In instances of significant player movement, such as what the Heat experienced this year, preseason performance can paint a much clearer picture of future expectations.

As such, I sorta feel like the Knicks, being in a far different position than the Lakers or Celtics, should be playing their starters more minutes during this pre-season.  While it’s important to give like Andy Rautins a chance to show what he can do, it’s far more important for say Amar’e Stoudemire and Raymond Felton to get the pick-and-roll down.  If we go into the regular season with those guys clicking, it’ll provide far more wins than if we confidently know that Rautins will be our ninth man in the rotation.  Yes, Felton and Stat are probably spending tons of time doing that in practice, but they only go up against the second unit in practice who’s defensive schemes you know intimately (since they’re your own).  Even if Kevin Garnett and Rajon Rondo are only in for the first few minutes of the first and third quarter, it’s a much better test going up against them.

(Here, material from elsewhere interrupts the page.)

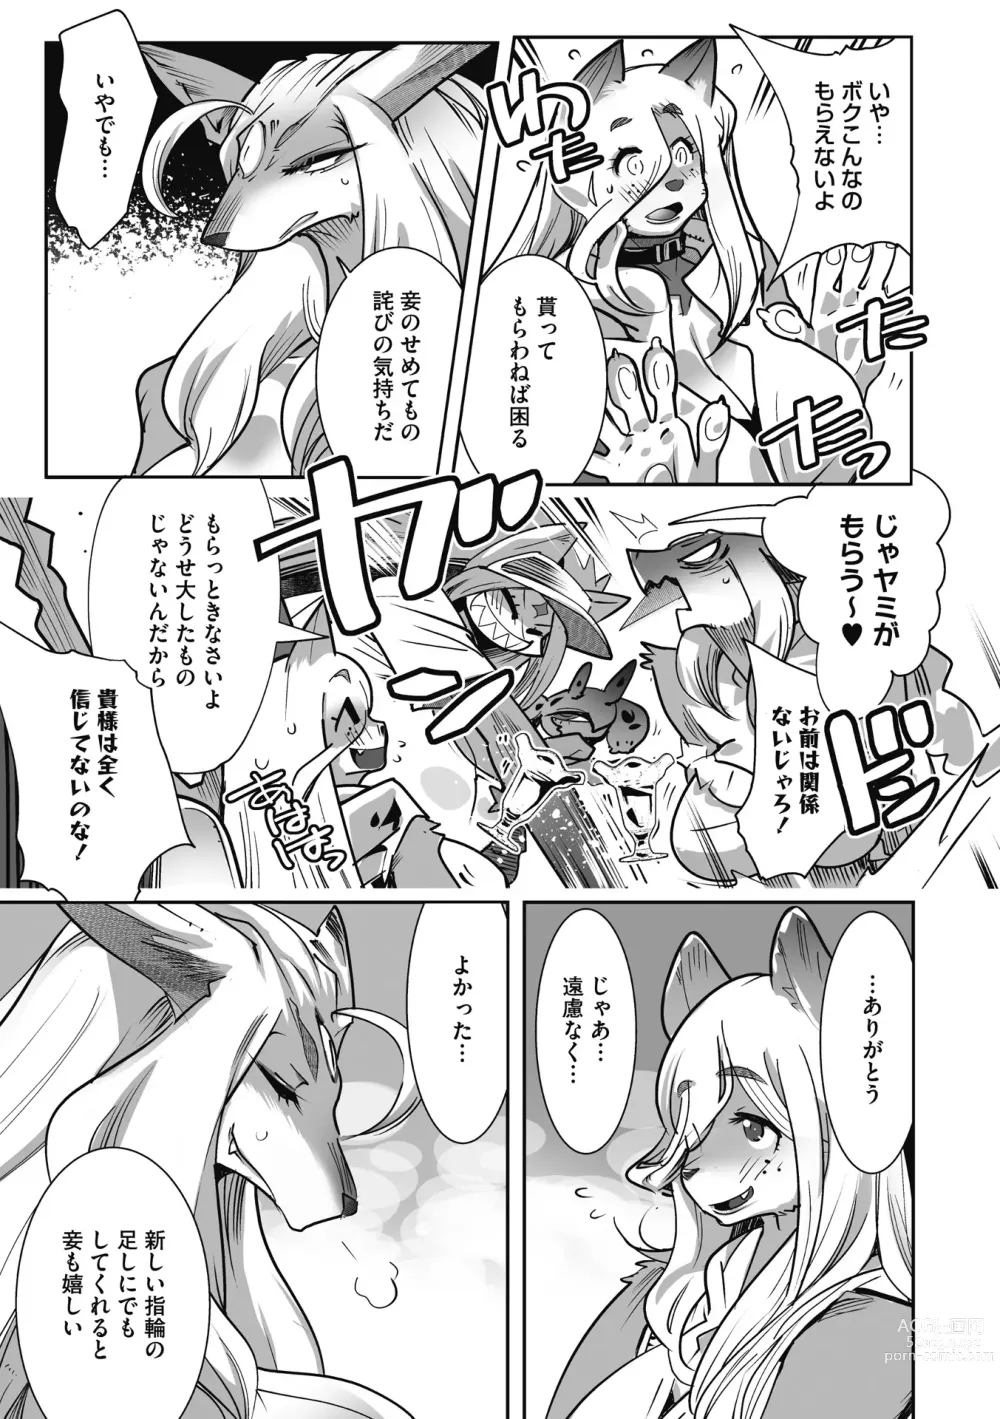 Page 231 of manga Kemono to Koishite Nani ga Warui!

We have a ton of new players learning a new system.  And even those who do know the system intimately (like Amar’e, Gallo and Chandler) need to learn how to work with totally new teammates.  Personally I’d be playing the starters near their regular season minutes (like Amar’e and Felton should be going say 30-35 minutes, instead of the 36-42 they might see later on).

And I’m not just saying that ‘cuz 48 Minutes has shown that if we win in the pre-season it’d “assure” us of being good when the games count.